FORGOTTEN TOMB 2015Label: Agonia Records

Spielzeit: 51:56 Min.

Genre: Black Metal

Info: Facebook

Album kaufen: sm-metal-shop

Hörprobe: Youtube

VÖ-Datum: 17. April 2015

 

Da bringen im selben Monat die beiden Großmeister des Suicidal Black Metal (Herr Kvarforth und Herr Morbid) ein neues Album heraus. Was früher zur Steigerung der Selbstmordrate in finnische Dimensionen geführt hätte, bringt heute eher Diskussionen hervor... Wie die Zeiten sich doch ändern!
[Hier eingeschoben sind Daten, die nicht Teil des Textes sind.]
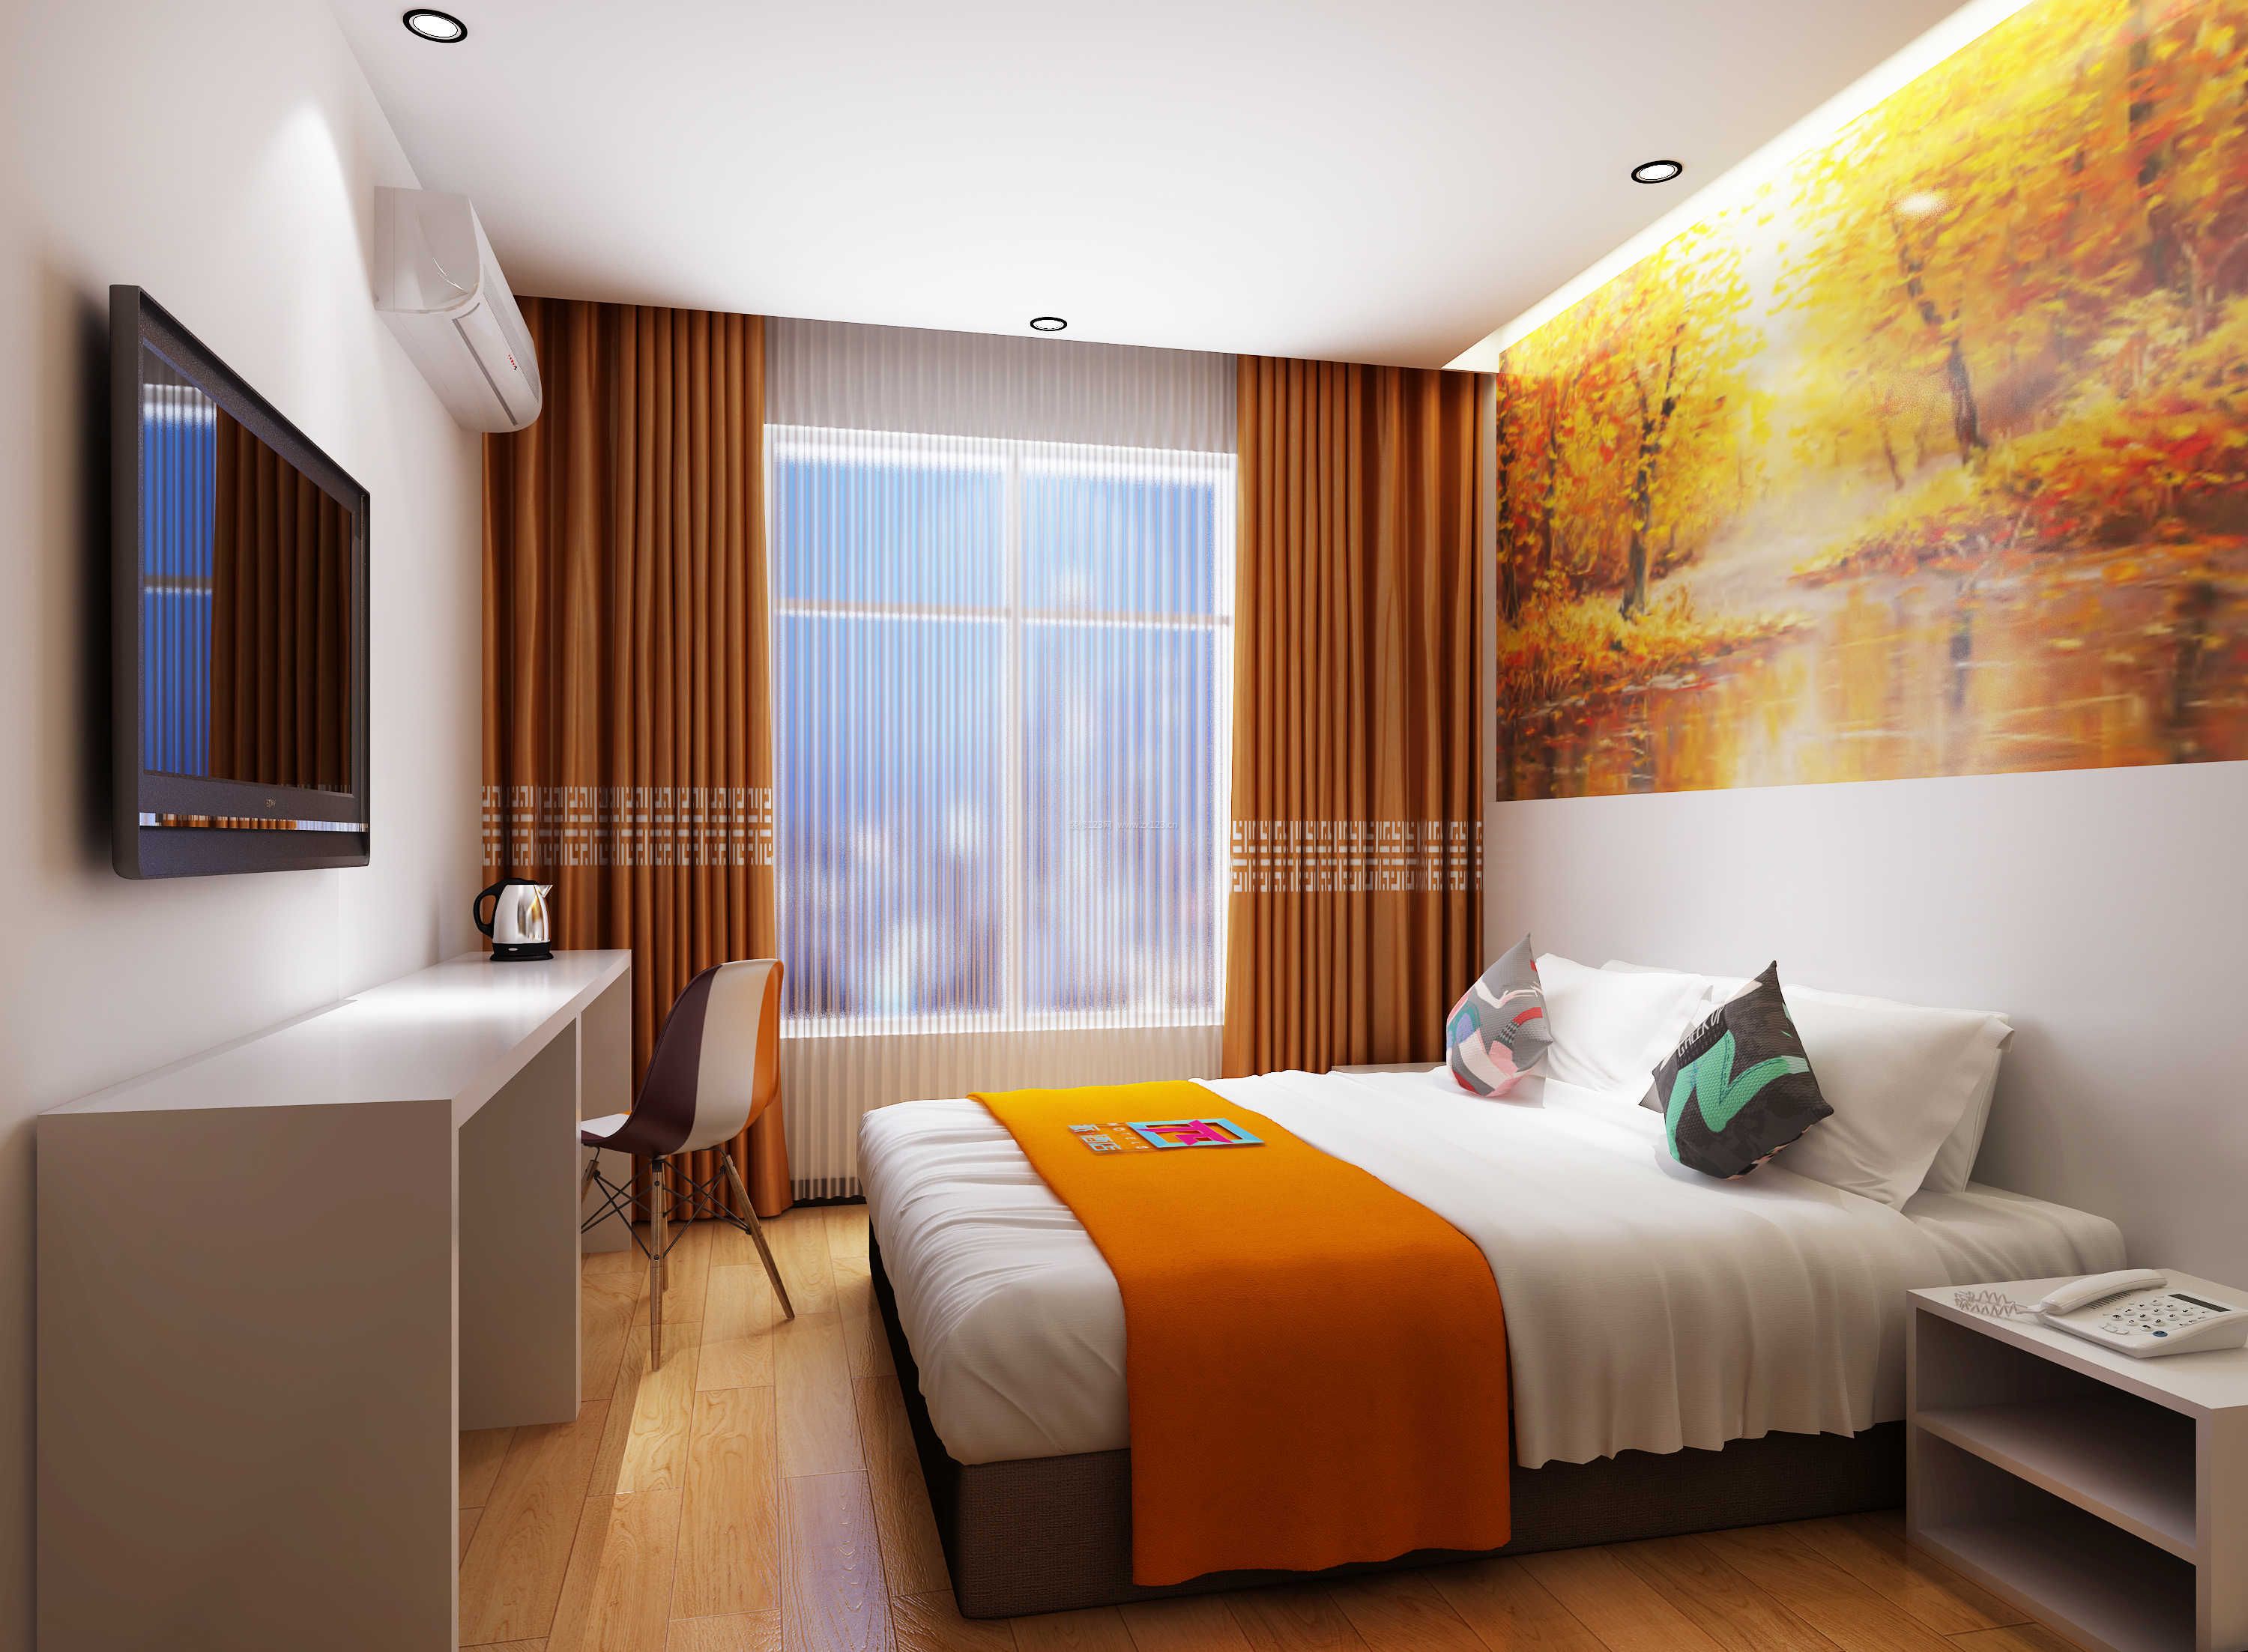 2020酒店客房布置图片 2020木地板装修图片

Denn wie schon bei Shining (hier unsere Kritik zum Album) bewegen sich auch Forgotten Tomb immer weiter weg von der reinen Lehre des Depri-Black Metal. Während der Schwede aber "softer" wird und in Richtung Rock schielt, geht es bei den Italienern immer härter zur Sache! Schon der Opener "Soulles upheaval" hat einen ausgesprochen aggressiven Charakter, was sich angenehm durch das gesamte Album zieht. Man darf jetzt natürlich keine Knüppel-Gewaltorgien der Marke "Panzerfaust" erwarten, so weit gehen Forgotten Tomb (noch?) nicht. Es handelt sich vielmehr um gnadenlos geile Black Metal "Stampfer", die nicht selten mit einer gehörigen Rock-Schlagseite daherkommen. Klingt komisch? Nee, klingt verdammt gut! Ähnlich wie bei Kollege Kvarforth ist es nämlich auch hier die geniale Stimme des Herrn Morbid, die schon ganz allein für eine bösartig/abgefuckte Atmosphäre sorgt.

Aber auch wenn es noch langsamer in den Songs wird, so findet man keine Rückbesinnung auf alte Depri-Tage, sondern dann wird es auf "Hurt yourself...." Sogar richtig doomig und auch dies meistert die Band ganz hervorragend. Schade ist nur, dass Herr Morbid, im Gegensatz zum Vorgängeralbum "...and don't deliver us from evil" auf seinen Klargesang diesmal komplett verzichtet.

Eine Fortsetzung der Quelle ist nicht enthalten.